Io domino i profondi desideri dell’anima 

Dal 25 al 30 aprile

Nacque in questi giorni il duca di Wellington, che a Waterloo assestò il colpo definitivo alle ambizioni imperiali di Napoleone, e si dedicò poi serenamente all’amministrazione delle colonie indiane; nacquero sotto il Serafino Kahethe’el anche Edward Gibbon, l’autore della monumentale Storia del declino e della caduta dell’impero romano, e Saddam Hussein, che volle un impero e finì per distruggersi, pressando troppo i popoli dell’Iraq con il suo pesante regime.
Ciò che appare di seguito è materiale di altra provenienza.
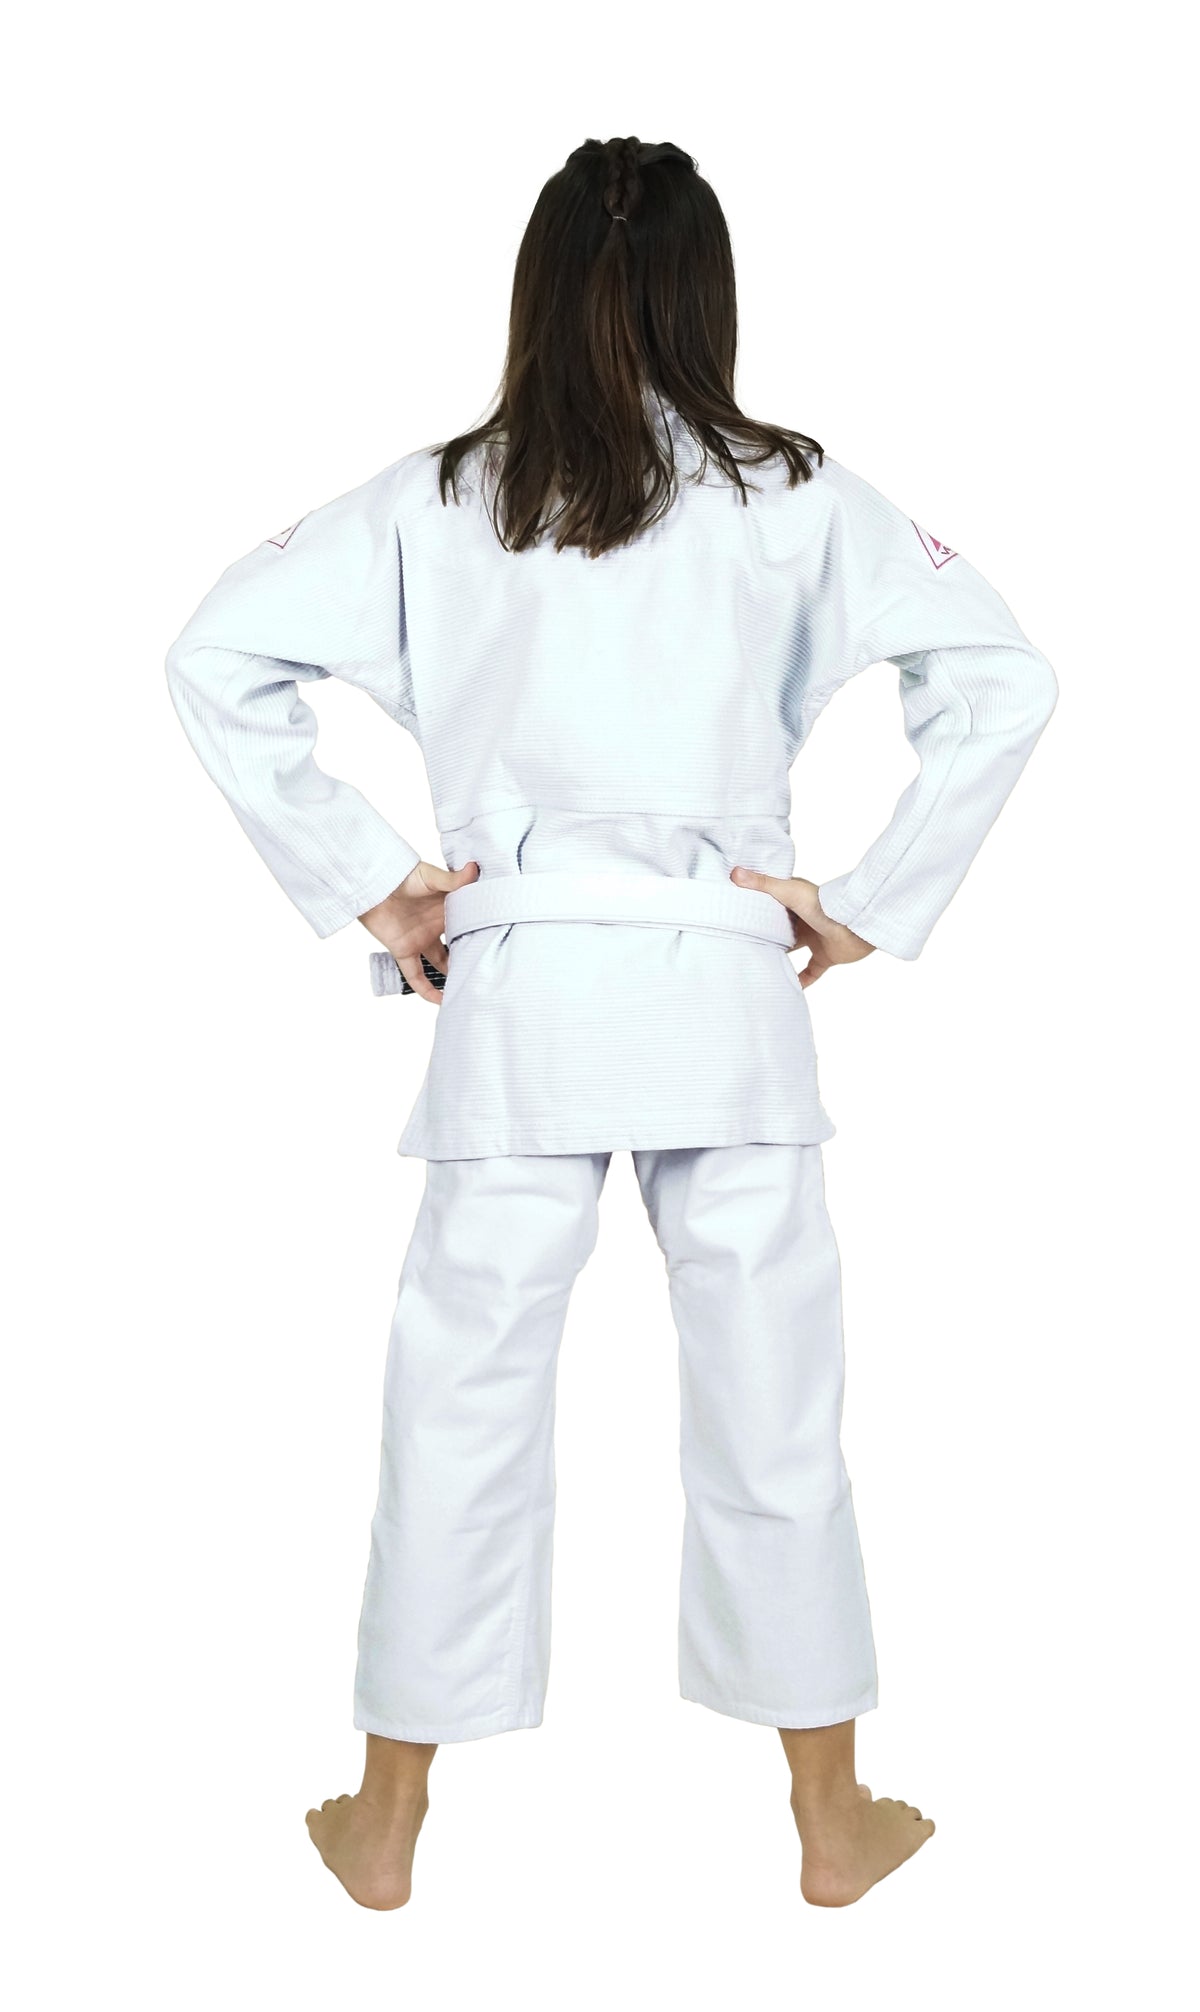 GIRLS PRO EVOLUTION KIDS Jiu-Jitsu Gi (White)
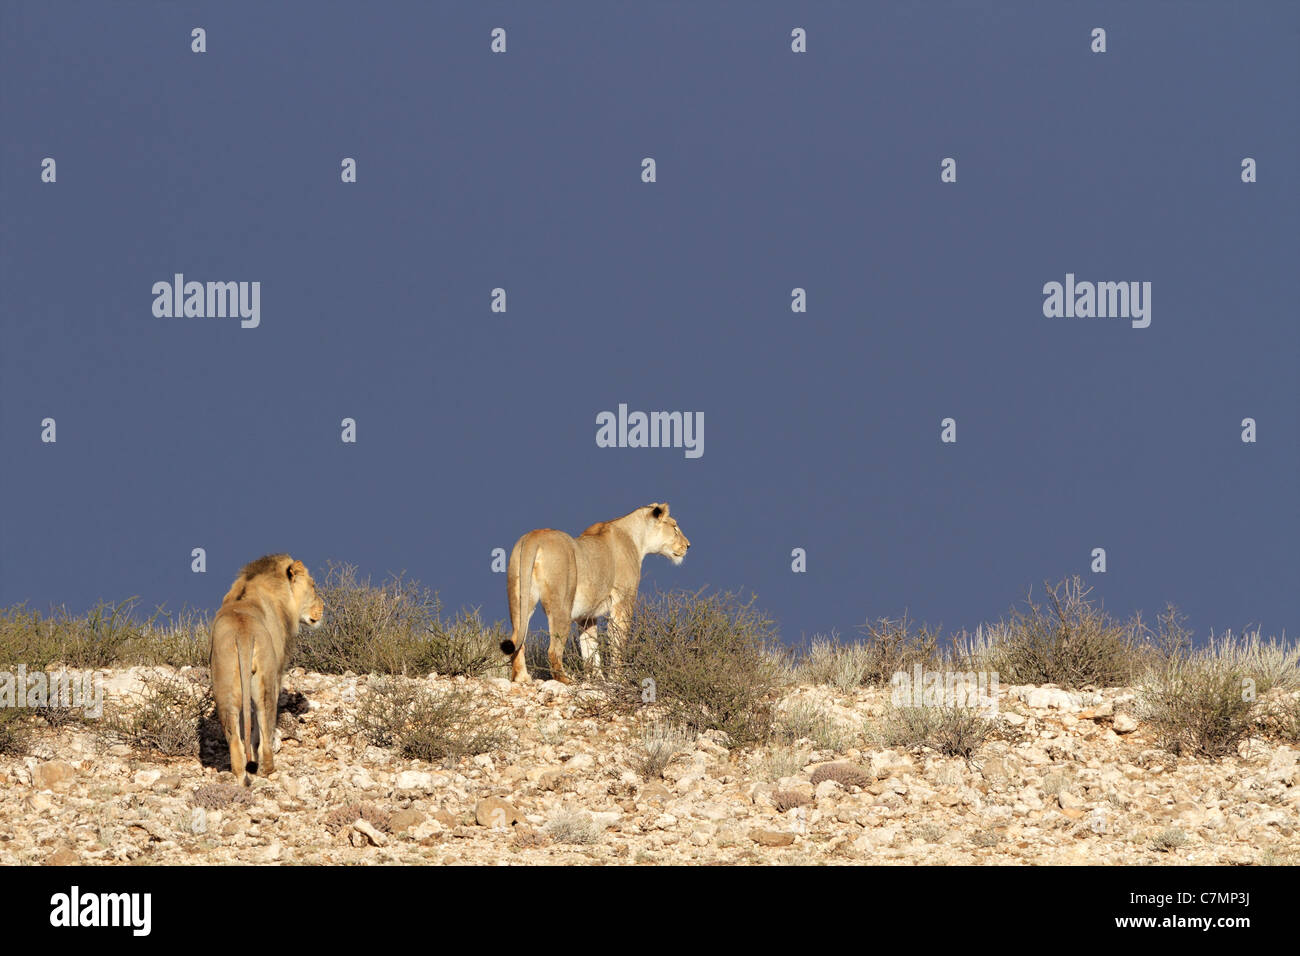 Deux d'Afrique lions (Panthera leo) Balade dans le paysage du désert du Kalahari, Afrique du Sud Banque D'Images

E per quanto diversissimi tra loro, sia il duca, sia lo storico, sia il dittatore rappresentano altrettanti aspetti del principale talento dei Kahethe’el, che è quello di saper criticare spietatamente i sogni – i propri o quelli altrui, per loro non fa differenza. Come fossero tutti quanti lettori appassionati di Gibbon, anche i più idealisti tra i protetti di questo Serafino hanno la tendenza, l’ansia anzi, di individuare in qualsiasi ideale i sintomi della sua fatale decadenza, e di potersi impedire così di crederci. Come Wellington, provano un senso di sollievo più o meno dissimulato ogni volta che qualche idolo ormai invecchiato cade, che qualche sogno che ha fatto il suo tempo si infrange: «Lo sapevo, io» dicono annuendo, e si sentono saggi e in pace con se stessi. Come un Saddam, infine, rischiano di eccedere nel tener d’occhio e frenare il proprio animo e l’animo di chi vive con loro, perché sogni e speranze non vi prendano piede. Oppure il rischio è che osino, azzardino qualche ambizione – in gioventù specialmente, e fino ai quarant’anni al massimo –, e in quei momenti appaiono affascinanti, brillanti, belli anche nel fisico, pieni di fiducia nel loro prossimo e ricambiati da eguale fiducia, complimentati, e tanto radiosi da dissolvere ogni forza ostile, visibile o invisibile, che possa trovarsi nel loro raggio d’azione; ma intanto è come se segretamente scommettessero contro se stessi; e riscuotono poi la vincita sottoforma di sconfitta e di «Lo sapevo, io», anche qui.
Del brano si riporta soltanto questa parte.